*Input data:*

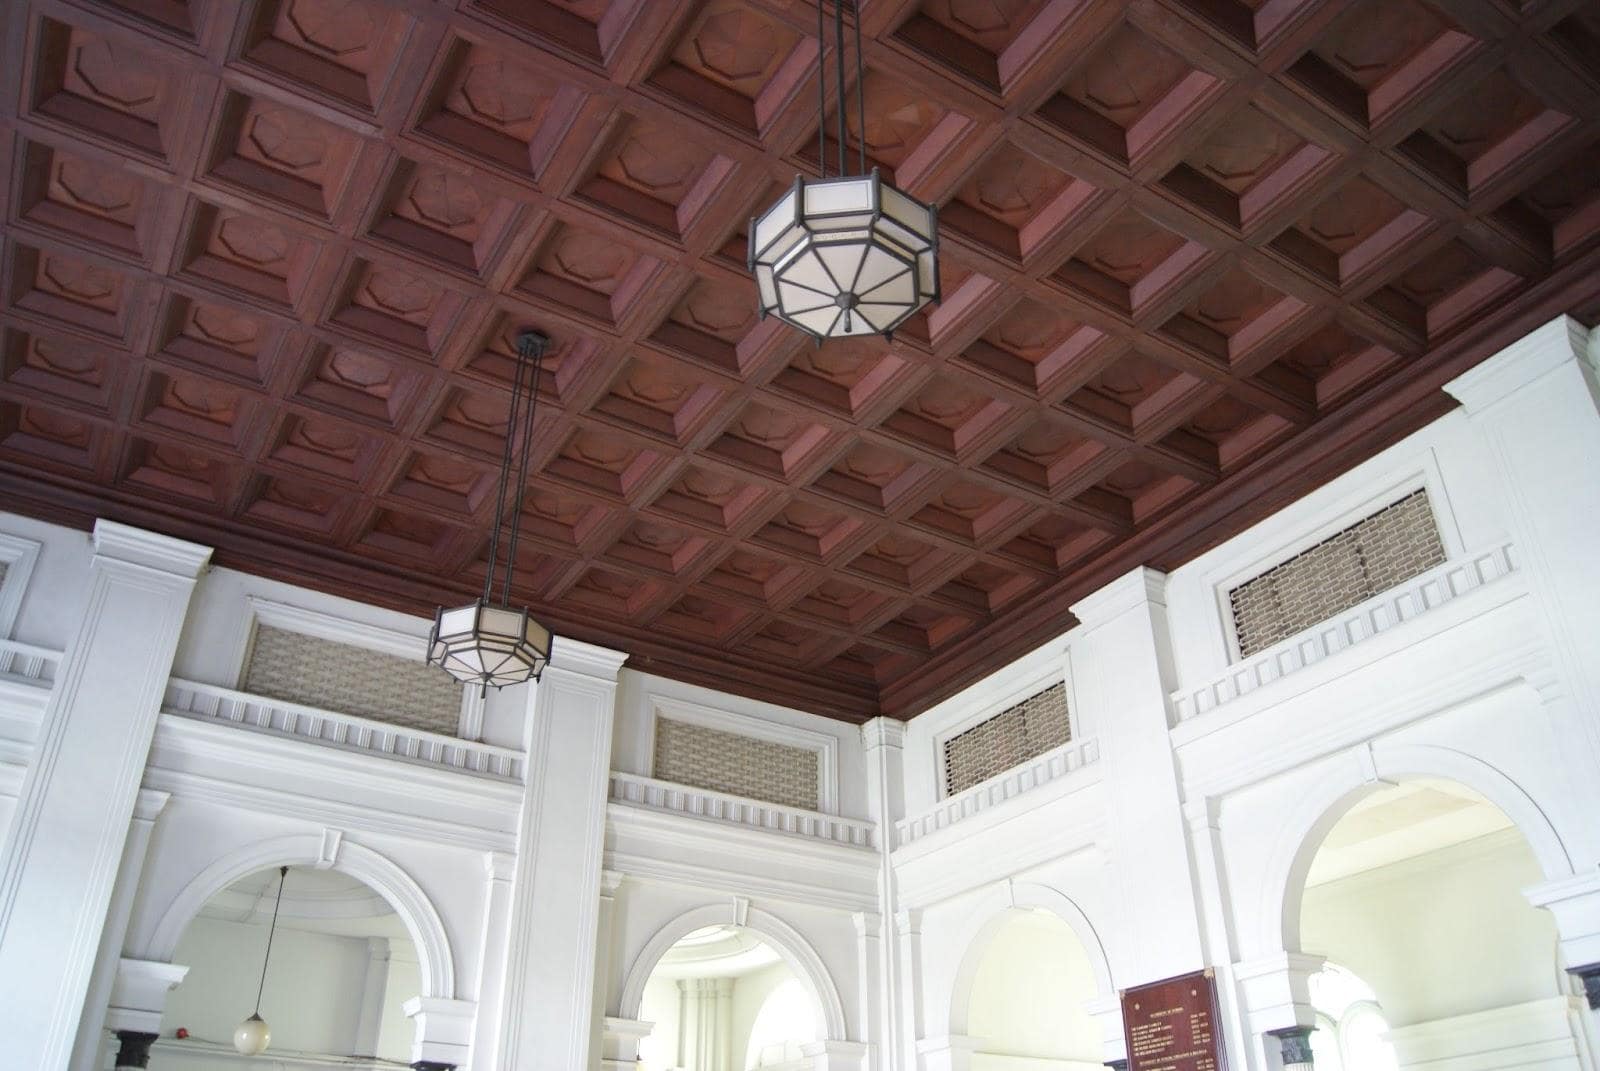 National Gallery Singapore secrets revealed - chocolate ceiling
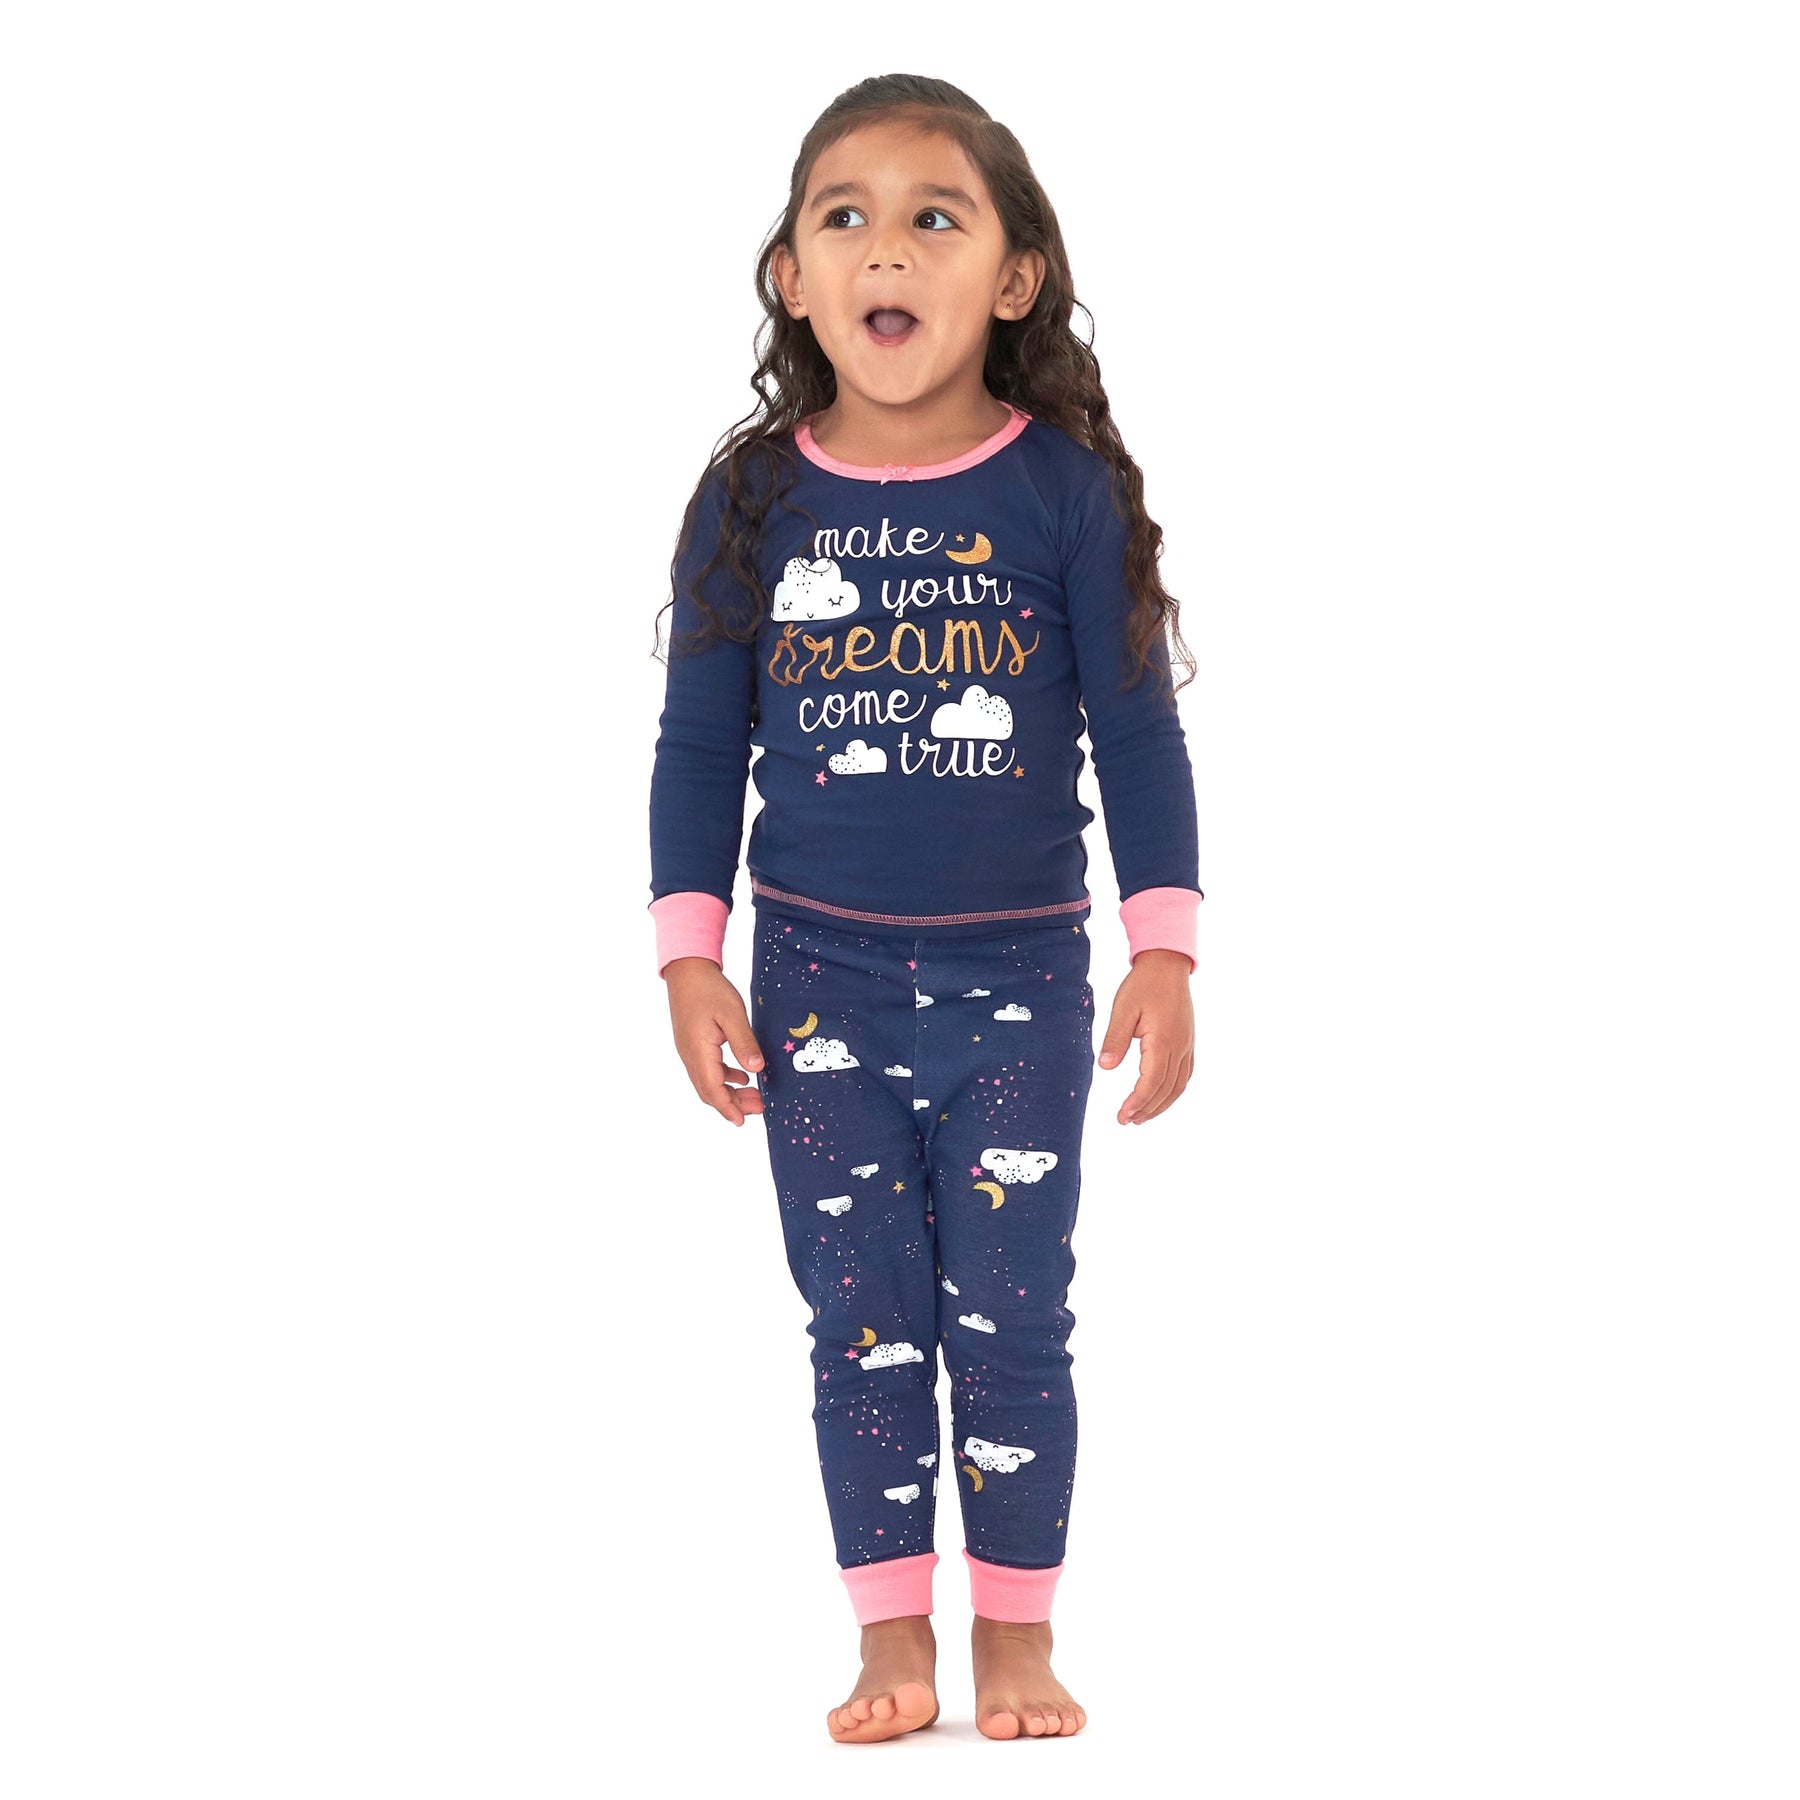 Essentials Unisex Babies, Toddlers and Kids' Snug-Fit Cotton Pajama  Sleepwear Sets
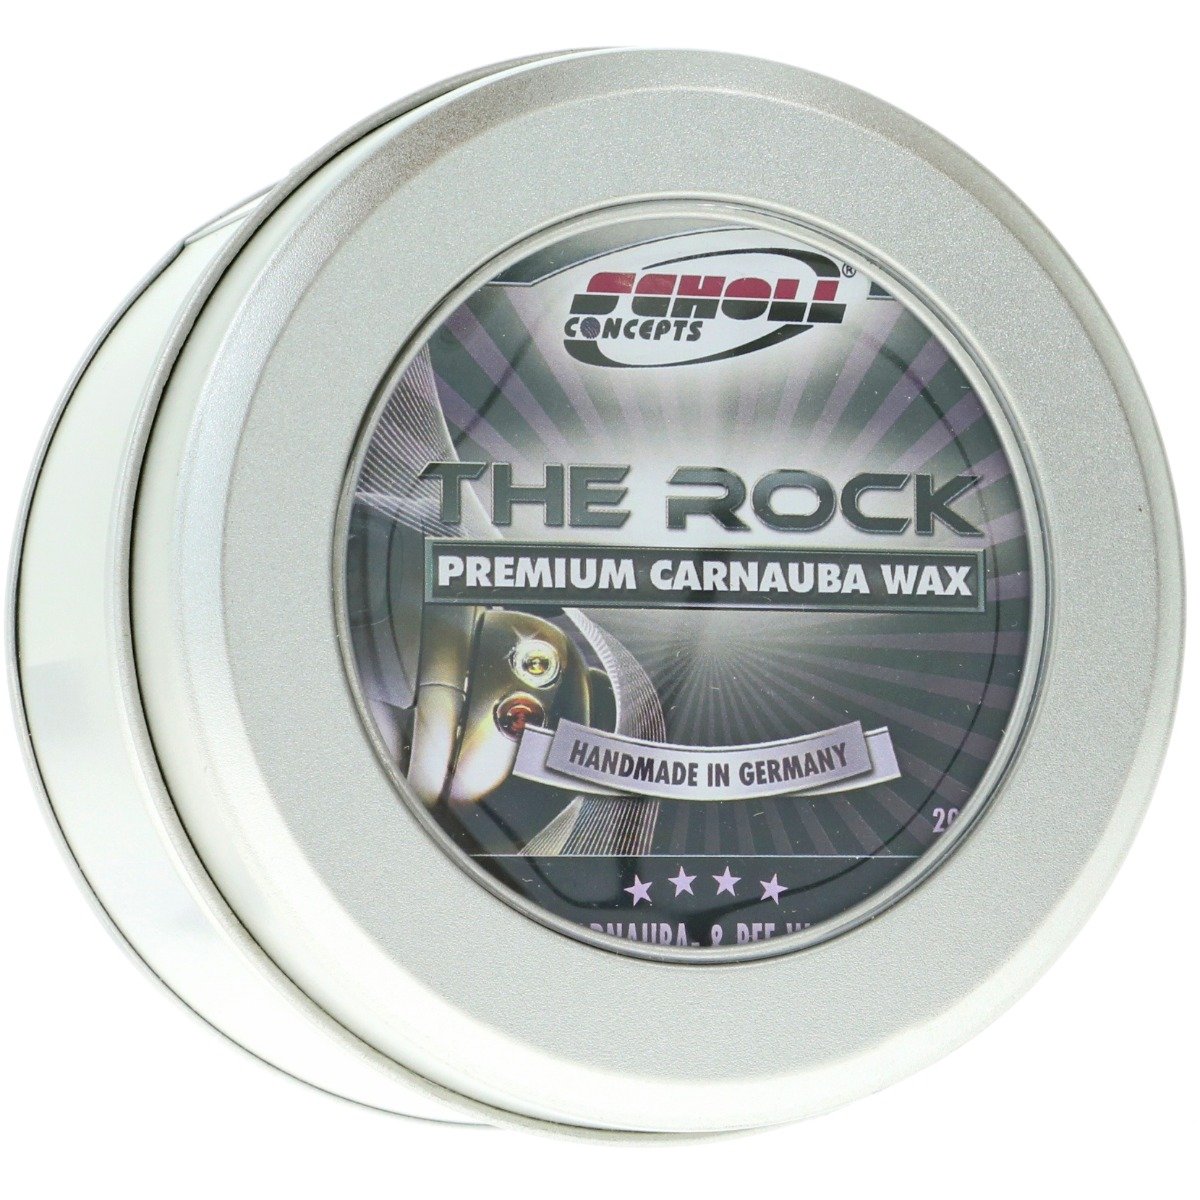 The Rock Premium Carnauba Wax - 200ml

*What to do:* The listing above needs to be output again exactly. Don't include the pictures.

*Exercise result:*
 National Gallery Singapore secrets revealed - chocolate ceiling
 Essentials Unisex Babies, Toddlers and Kids' Snug-Fit Cotton Pajama  Sleepwear Sets
 The Rock Premium Carnauba Wax - 200ml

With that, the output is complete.